The investigators concluded that the use of the MGuard Prime stent is feasible and safe and could be also effective in achieving myocardial reperfusion in STEMI patients undergoing primary PCI. InspireMD first announced the IMOS PRIME findings in May 2014, before they were presented at the 2014 EuroPCR conference in Paris, France.
As summarized in Catheterization and Cardiovascular Interventions, the IMOS Prime study enrolled consecutive STEMI patients meeting the inclusion criteria and undergoing primary PCI. The primary endpoint was major adverse cardiac events (MACE) at 30 days, defined as the composite of cardiac death, myocardial infarction (Q wave and non-Q wave), or target lesion revascularization (PCI or coronary artery bypass graft). Secondary endpoints included device success, lesion success, and postprocedural reperfusion outcomes: thrombolysis in myocardial infarction (TIMI) flow and ST-segment elevation resolution (STR).

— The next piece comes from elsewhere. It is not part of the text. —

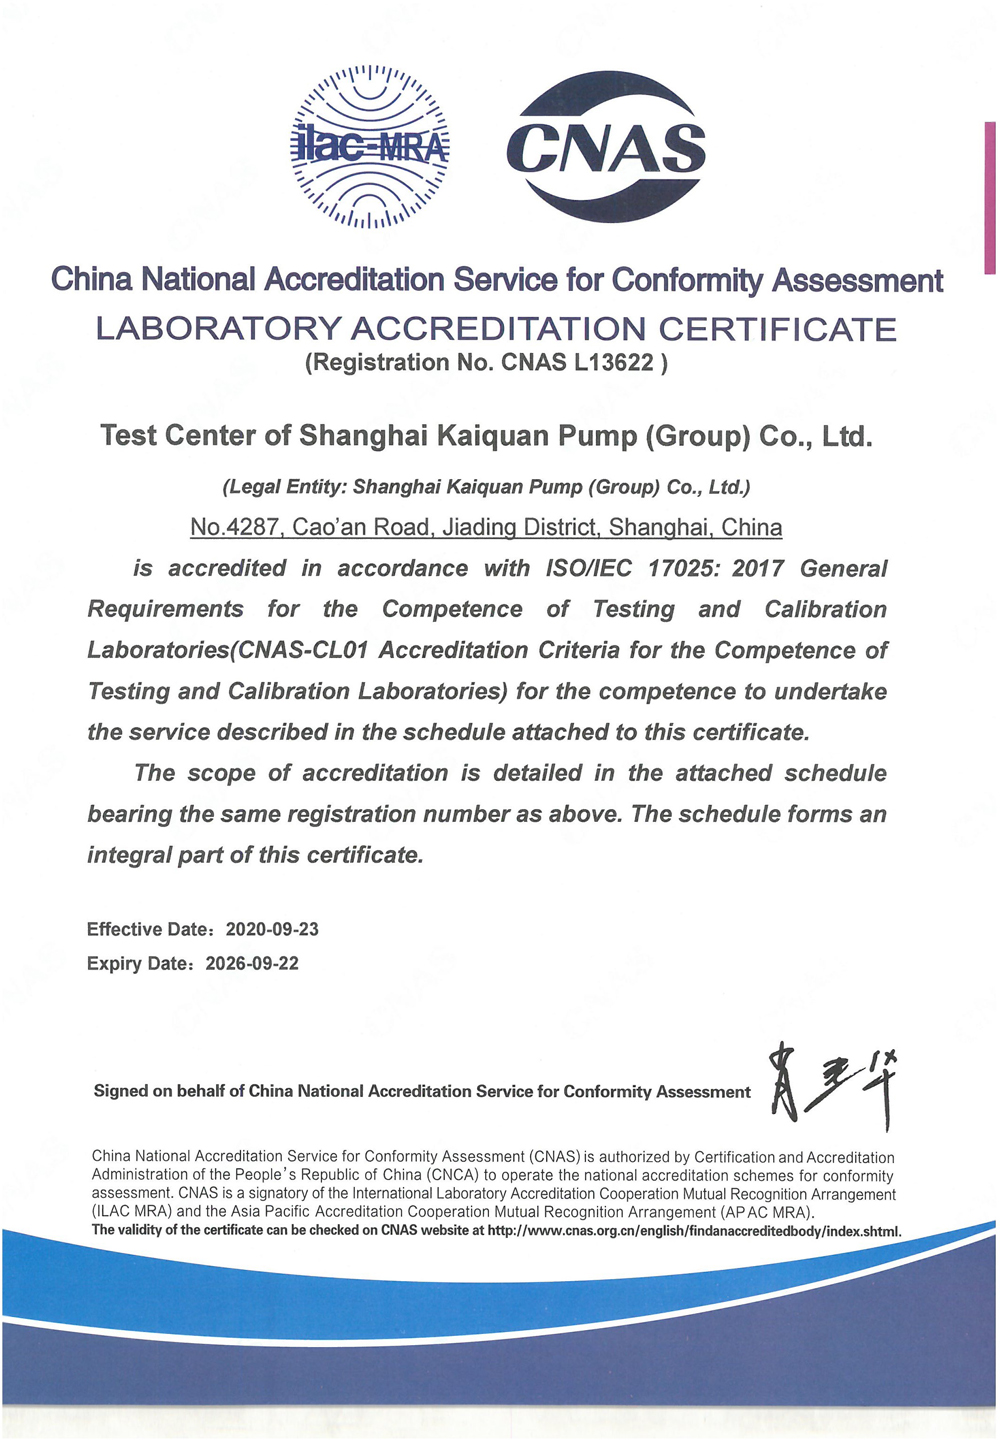 上海凯泉-cnas证书英文版-有效期至20260922

A total of 97 patients (62 years, 77% men) were included. Symptom-to-catheterization-lab time was 238 minutes. Device and lesion success were 100%. Final TIMI-3 flow was achieved in 91.8% of patients, and STR was > 50% in 87% of patients. The investigators reported that MACE at 30 days was 2.2%, which consisted of one case of target vessel myocardial infarction (TVMI) and one case of non–TVMI.